She lowered her voice, and spoke in a hoarse whisper.
"Father, do you understand? Here was a man without ruth or pity, and with a sore grudge in his black heart. Was I to trust my Daddy to his hands, and him old and lame?" She paused another moment, then drew the Vicar close to her and whispered in his ear, "I cut the rope. I knew he was followin' me. I let myself halfway down, then clung to the iron hold and cut the rope, with the knife I'd taken from him. It was at the risk of my life I did it. And he followed me, and he fell and was killed. Father, will God punish me for it? It has blighted my life. I have never been like other women. I never was wed, for how could I tend little children with blood on my hands? And the children shrank from me, or I thought they did. But it was for Daddy's sake. He had a happy old age, and he gave me his blessing when he died. Father"—her voice became almost inaudible—"when I stand before God's throne—will God remember—it was for Daddy's sake?"

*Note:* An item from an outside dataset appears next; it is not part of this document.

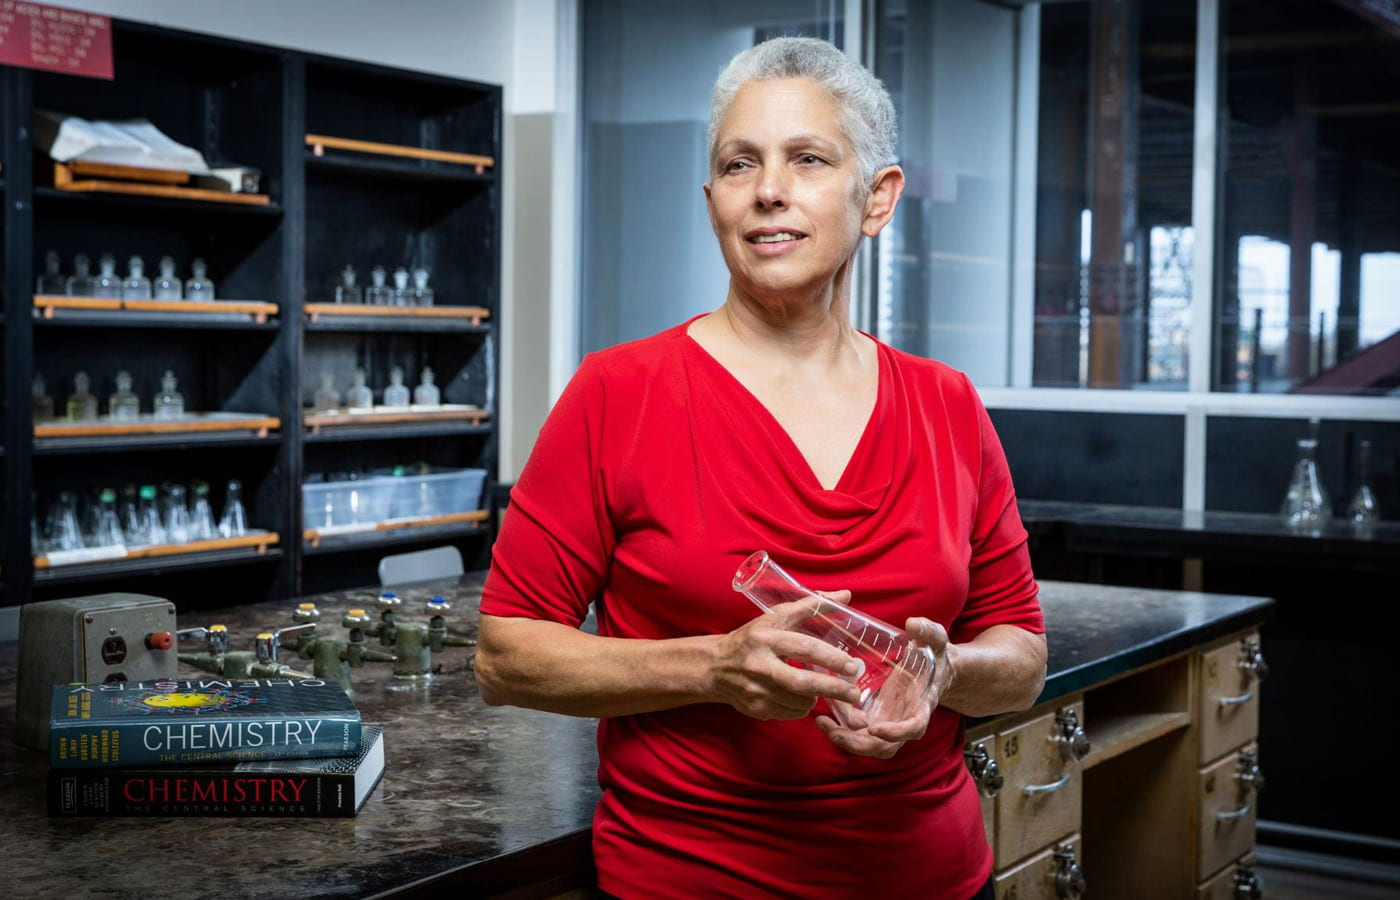 Karen Singmaster, chair of SJSU's Department of Chemistry.

The failing eye was fixed on the pastor's face, as if it would search his soul for the truth. The fellow-being, on whom she laid so great a burden, for one moment, quailed: then spoke assuring words of the mercy of that God to whom all hearts are open: but already the ebbing strength, too severely strained in the effort of disclosure, was passing away, and the words of comfort were spoken to ears that were closed in death.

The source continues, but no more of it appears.